Pensando por qué vino se descubre viajando a su juventud, sintiéndose incomprendida, luchando por sus ideales, tratando de encontrar su lado revolucionario, contracultural, creativo. Se ve utilizando la droga como válvula de escape, tratando de viajar hacia otro mundo, buscándose a sí misma; y de repente se visiona allí, en un puente cercano a su poblado volando con la imaginación, aparcada al lado de una jeringuilla, sintiéndose libre, despreocupada, identificada con los que le rodean, con los que junto a ella viven, sienten y piensan de forma similar, de forma diferente.

Entiende por qué se quedó cuando se observa a sí misma incapaz de regresar al otro mundo, ese otro mundo que le hizo sentirse desplazada, extraterrestre, ese mundo que existe fuera del poblado. Se observa enamorada, adaptada a esa nueva vida. Se recuerda casándose con Manolo, levantando con sus manos su propia chabola, teniendo hijos, primero Juan, luego Esteban, después Rosa.

Comprende el dolor, ve mucho dinero pasando por sus manos, a la heroína matando tantos amigos, se observa dedicándose al negocio, ojerosa. Escucha el sonido de un nuevo tren que se acerca y una neblina aparece en sus pensamientos; aparecen los recuerdos de los primeros enfados, del primer tortazo, de ese plato estampado en la pared quejándose de la comida.

De nuevo, tiemblan los cristales bajo su sillón, tiembla ella bajo la hojalata, la hojalata bajo el sol, y el ruido del tren le trae la visión turbia de su cara hinchada, su espalda morada, de esa esquina en la que, doblada sobre sí misma, sentía los golpes de Manolo, los insultos de Manolo, ahogados por el ruido del tren.

El tren vuelve a marchar, pero Juani sigue sin poder moverse, ni hablar, ni llorar. Y piensa que su vida era suya hasta que pusieron el tren, ese tren que los políticos esperaban que acabase con la droga, como si la comunicación pudiese llevarse por sí sola los problemas. Ese tren que trajo tantos clientes, tanto dinero, tanto ruido. Ese tren en el que vienen aquellos que quieren escapar de las miradas, nerviosos, apretando en el bolsillo el dinero conseguido. Ese tren que sirve de guía para llegar andando al poblado por sus vías. Ese tren que hace de aduana y sólo deja pasar a los ágiles, llevándose consigo la licencia de vida de los que ya no escuchan, ni ven, ni sienten. Ese tren que se llevó por delante a su hijo Juan. Ese tren que ha hecho que sólo se hable del poblado como un problema, como algo desagradable, como una interferencia, y ha traído a la policía con órdenes de desalojo. Y sus labios pronuncian: ¡Puto tren! ¡Puto tren!

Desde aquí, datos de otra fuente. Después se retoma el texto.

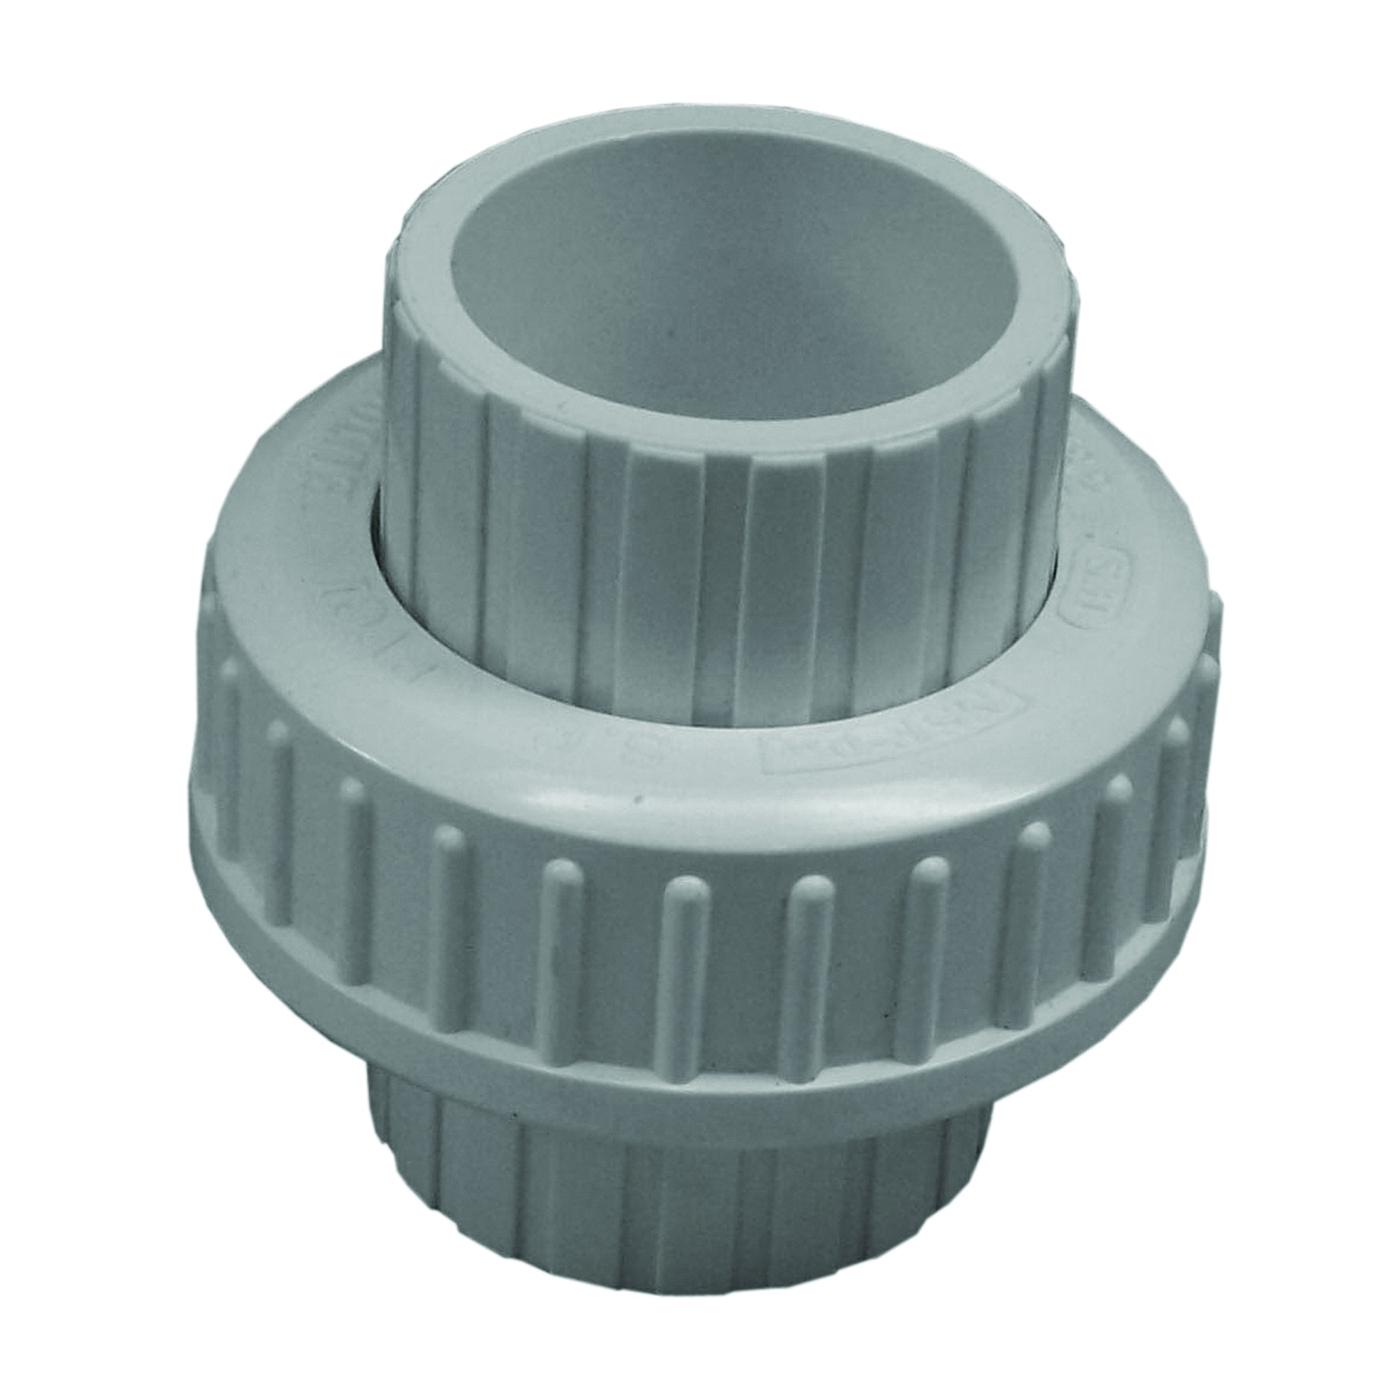 Picture of GENOVA 300 Series 37207 Pipe Union, 3/4 in, Slip Joint, SCH 40 Schedule, 150 psi Pressure

Ya puede hablar, y moverse. Rompe a llorar y grita: ¡Puto tren! Y sale corriendo hacia las vías, con dos ríos que nacen de sus ojos y toda su furia, que crece según escucha llegar a un nuevo tren, como si el ruido hubiese hecho saltar su alarma.

Llora de pie en las vías, respirando con fuerza, enfadándose con el ruido del tren que se acerca. Y anda hacia él, llora hacia él. Ella nunca le quiso, quería evadirse de la realidad y el puto tren tuvo que joderlo todo. El ruido crece, pero esta vez no siente miedo. Sólo llora y anda, grita y anda, desafiante hacia el tren. El tren silba y ella aprieta los dientes, le mira con odio, con rabia, esperando hacerle tanto daño como él le ha hecho a ella. Pero el tren frena, chirría, y se para a un metro suyo. Juani grita y golpea al tren, que se deja golpear, paciente, como el que recibe su merecido castigo. Al poco, Juani se cansa, y suelta todo el aire de sus pulmones, suspira desesperada, pensando que no vale ni para suicidarse.

Como si fuese un amante comprensivo, el tren suelta su aire, suspira, calla su motor y espera en silencio. El tren no suena, y ahora Juani escucha el ruido del poblado, la banda sonora de su vida llena de gritos, de golpes.

En el poblado aprendió que cuando el tren no suena, cuando el ruido no aprieta, es el momento de olvidar y seguir adelante. Las puertas se abren. Decidida, Juani sube, se sienta. Los pasajeros evitan su mirada, el tren arranca, las puertas se cierran.

Ahora el poblado calla, Juani escucha. El ruido del tren por el que quiso morir le habla, ahora desde dentro, y le pide calma.

Pasan por el poblado, el tren acelera, Juani se eriza. Las calles enmudecen, la hojalata tiembla bajo el sol, los cristales tiemblan debajo del sillón.